Another problem is that those test suite tools are often designed more for small-scale testing of individual steps than for full-scale testing of end-to-end analyses. It can be difficult to apply them to use cases like running a whole genome analysis pipeline on a battery of different sets of inputs. That’s often done manually, which sets constraints on the amount and complexity of test variables you might be willing or able to consider including in your test suite.

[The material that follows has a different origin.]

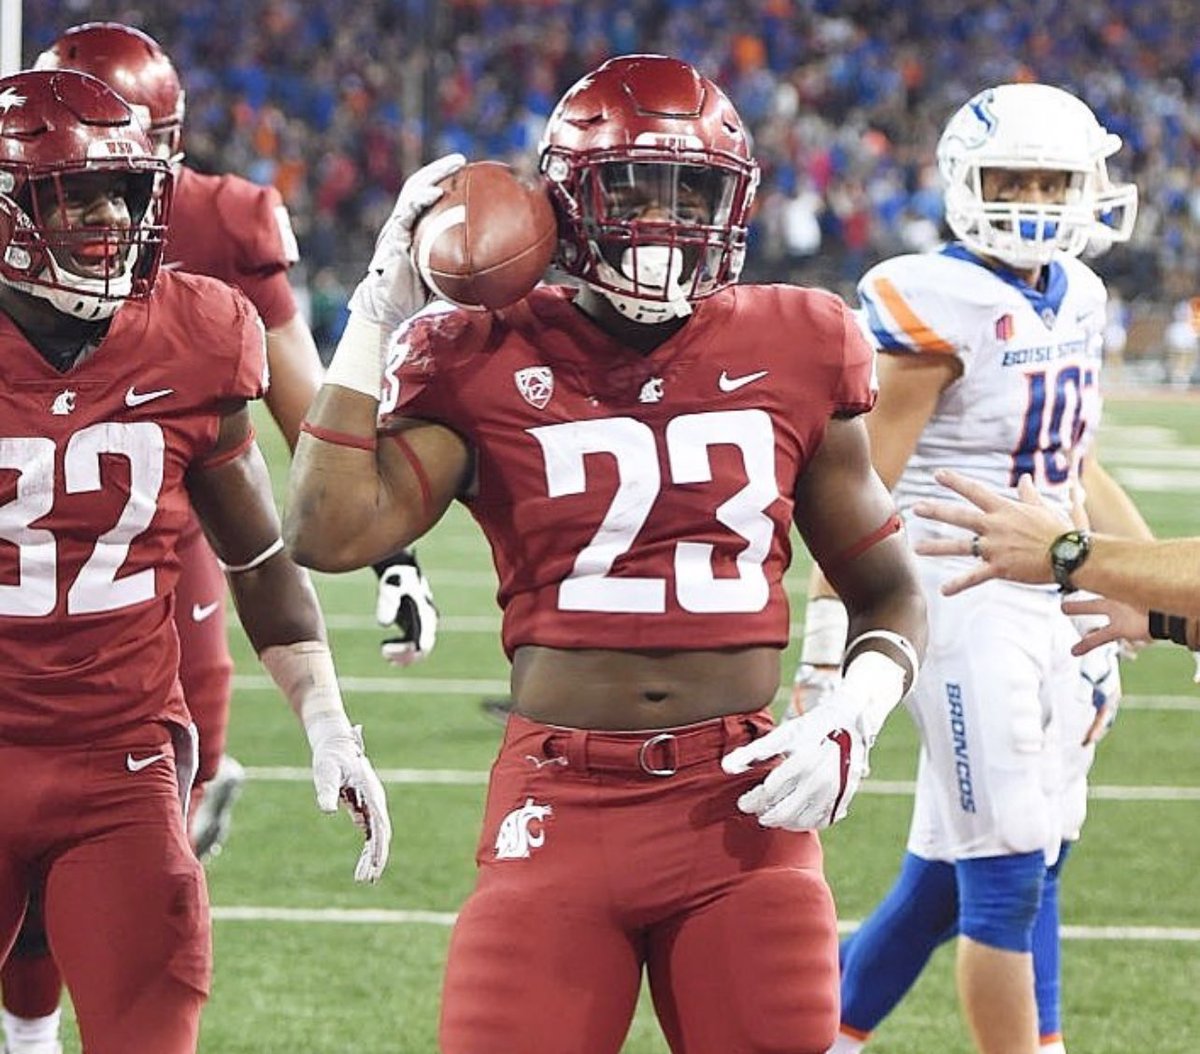 After a great conversation with the Cougars Coaching Staff, I am pleased to announce that I have received an offer from Washington State. #GoCougars @WSUCougarFB @GregBiggins @SierraCanyonFB @bruce_bible @COACHSTACE_ @CoachB212 @BrandonHuffman @alecsimpson5 @ChadSimmons_

In contrast, Terra lends itself very well to this kind of end-to-end testing. You can set up as many different input configurations as you like, for individual workflows or even workflows of workflows (yay imports). Since the workflow system handles all aspects of execution on the cloud, including massive parallelization and linking to outputs in data tables, maintaining and executing a comprehensive test suite becomes accessible to just about everyone regardless of background.
“But Geraldine,” I hear some of you say, “I don’t want to have to set up dozens of individual runs of pipeline tests through a graphical interface. It’s too much clicking!”
The good news is that you don’t have to go through the web interface to either set up or run your test suite. You can write scripts in either Python or R to manage test data, set up workflow configurations and launch workflows programmatically using a library called FISS, as described in the Terra documentation.
We know of multiple groups who use this capability to run end-to-end tests of their software tools and pipelines at scale; some even use git actions to trigger test runs automatically when they commit or release new code in Github.
Note: At time of writing, the tutorial for setting up and launching workflows using FISS is still in development. However the workspace and data management tutorials are already complete and are a great way to get started with FISS and the Terra API.